TASK REQUIREMENTS:
Skip every picture, and output exactly the lines starting at the one with "Croatian vs Indian" and running through the last line of the material below.

INFORMATION SHOWN:
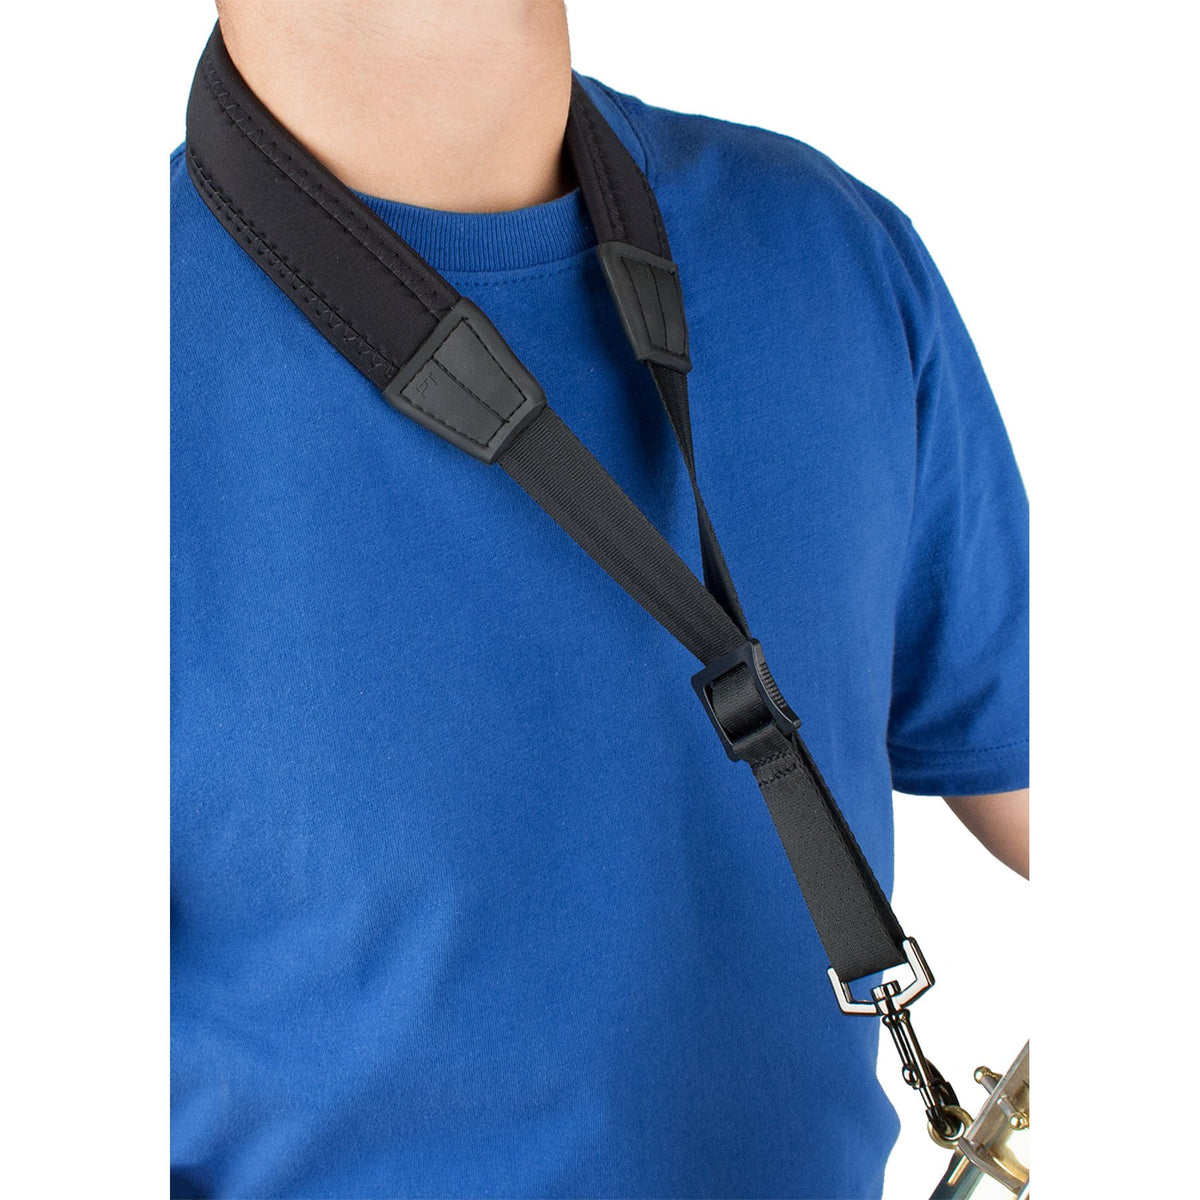 Protec - Padded Neoprene Saxophone Neck Strap with Plastic Swivel Snap-Accessories-Protec-Music Elements
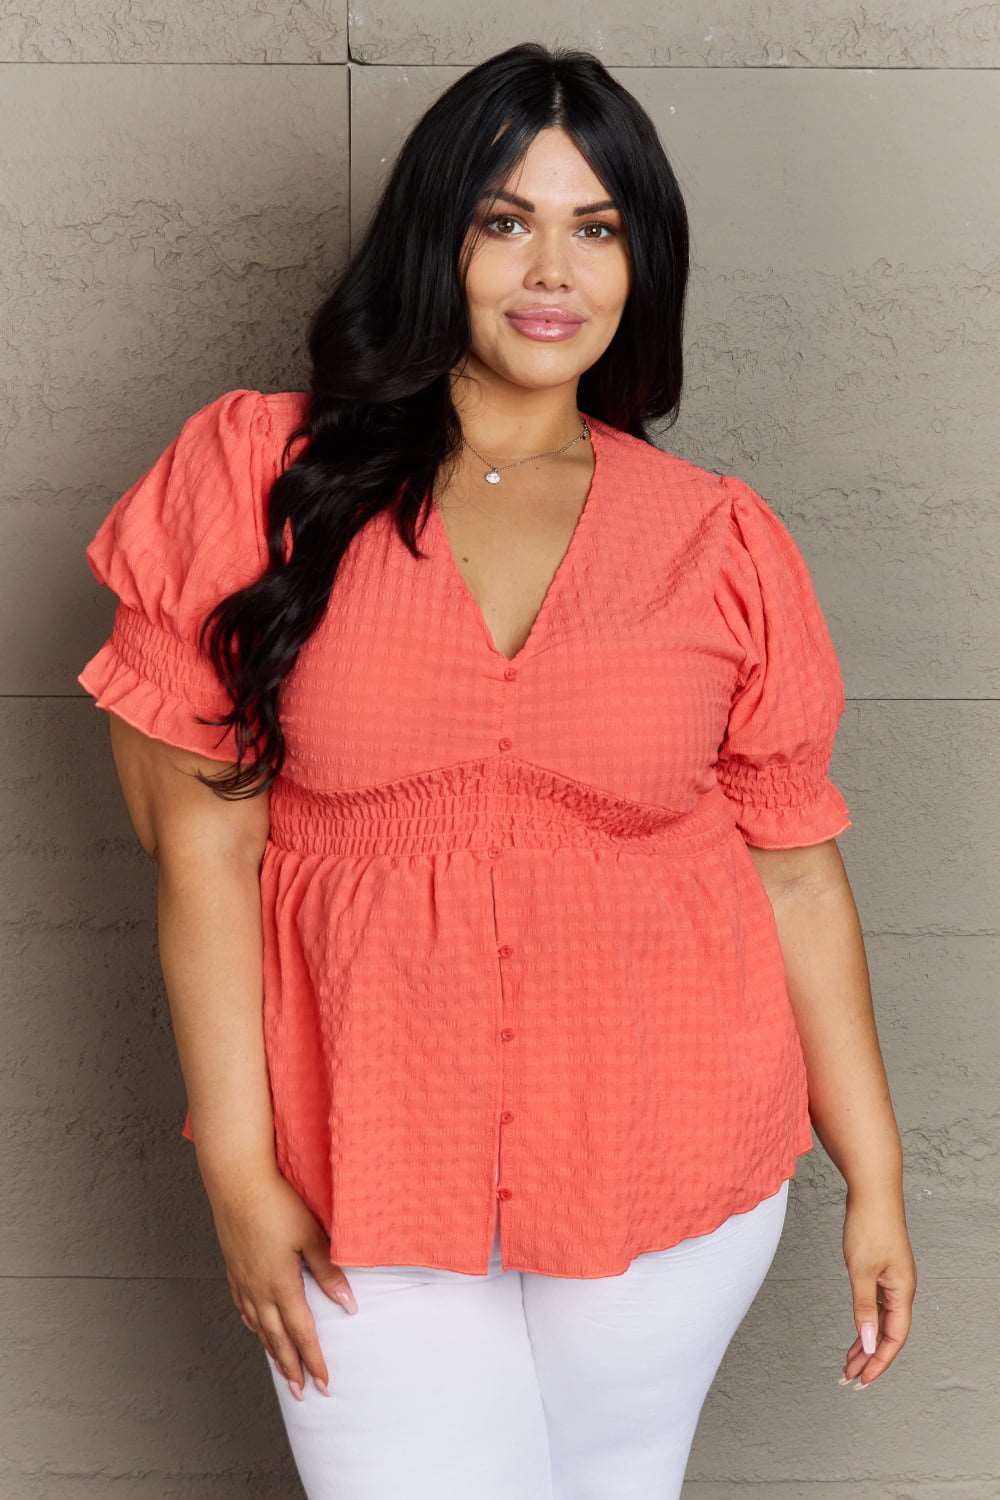 Culture Code Whimsical Wonders Full Size V-Neck Puff Sleeve Button Down Top  Krazy Heart Designs Boutique Coral S 
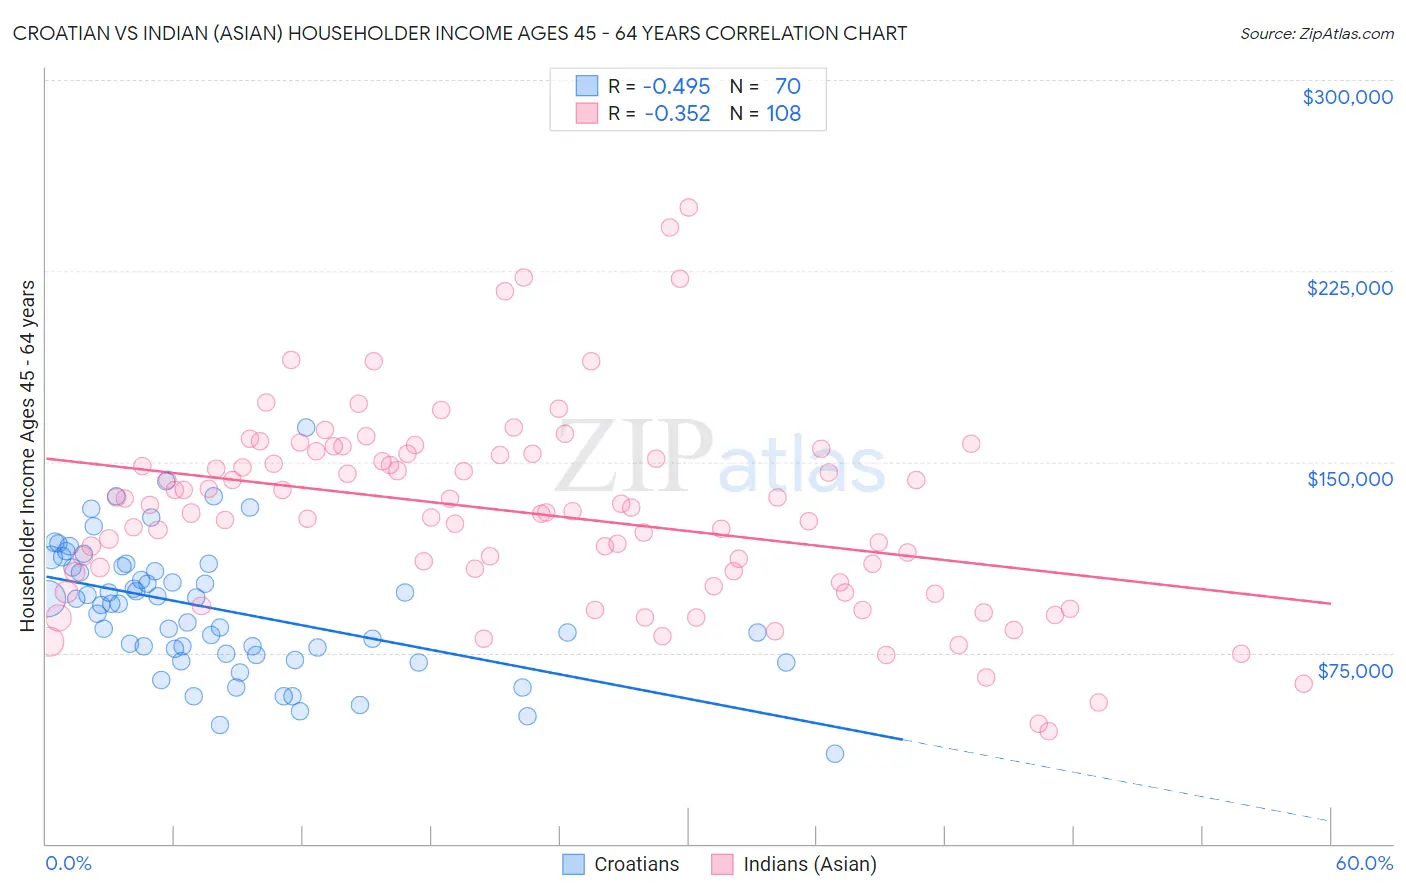 Croatian vs Indian (Asian) Householder Income Ages 45 - 64 years
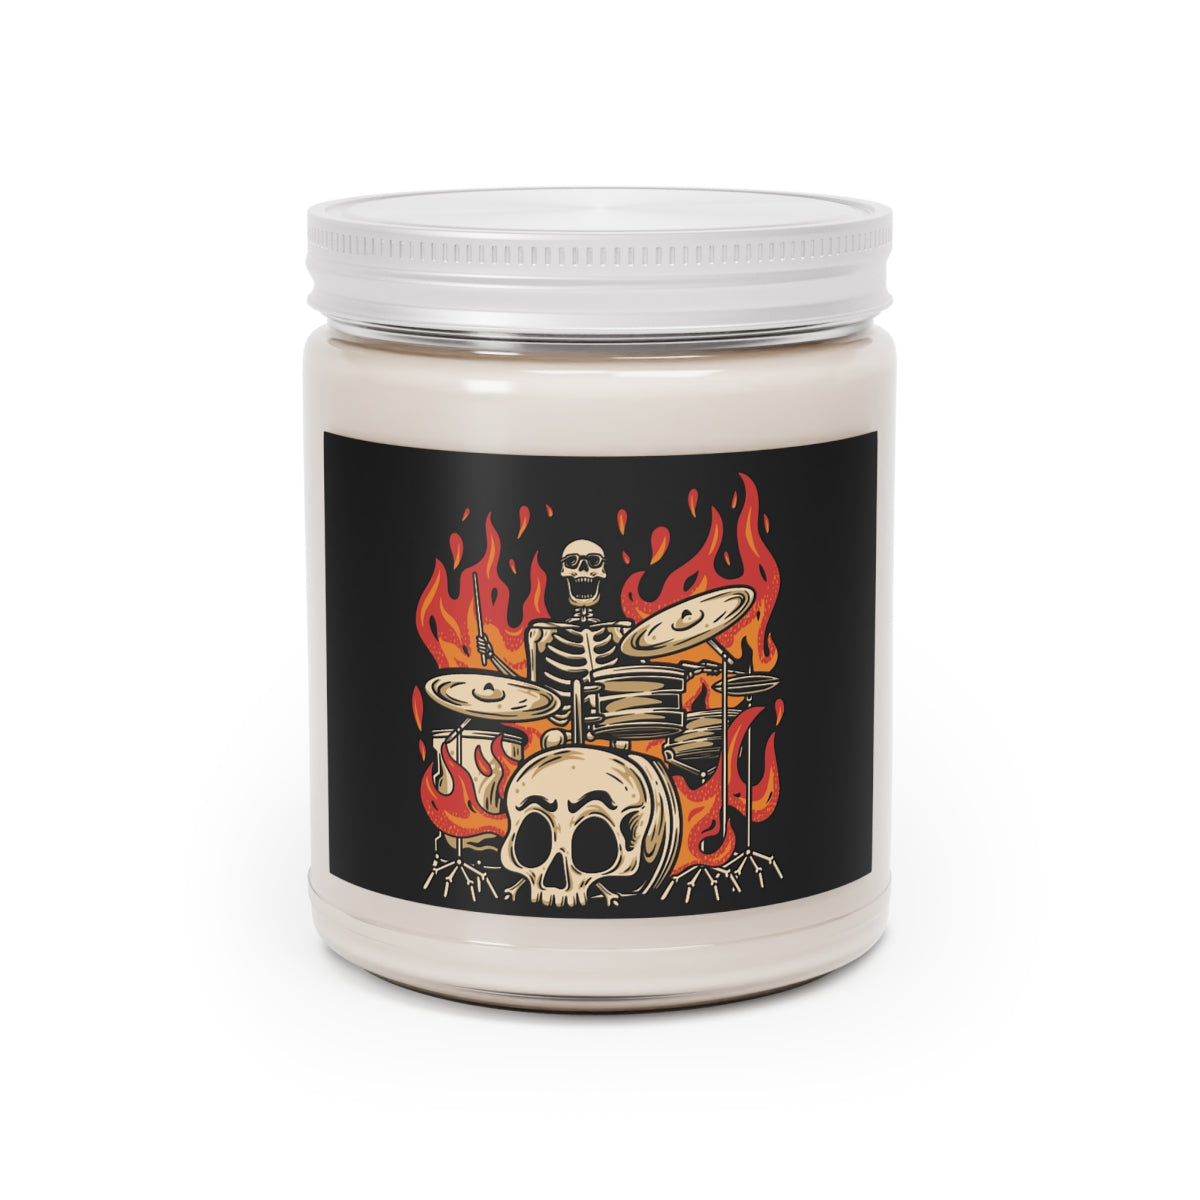 Drummer Fire Scented Candle, Skull Classic Rock Metal Band Handmade Aromatherapy Gothic Skeleton Soy Wax Men Gift Present Starcove Fashion

OUTPUT FOR THIS TASK:
 Croatian vs Indian (Asian) Householder Income Ages 45 - 64 years
 Drummer Fire Scented Candle, Skull Classic Rock Metal Band Handmade Aromatherapy Gothic Skeleton Soy Wax Men Gift Present Starcove Fashion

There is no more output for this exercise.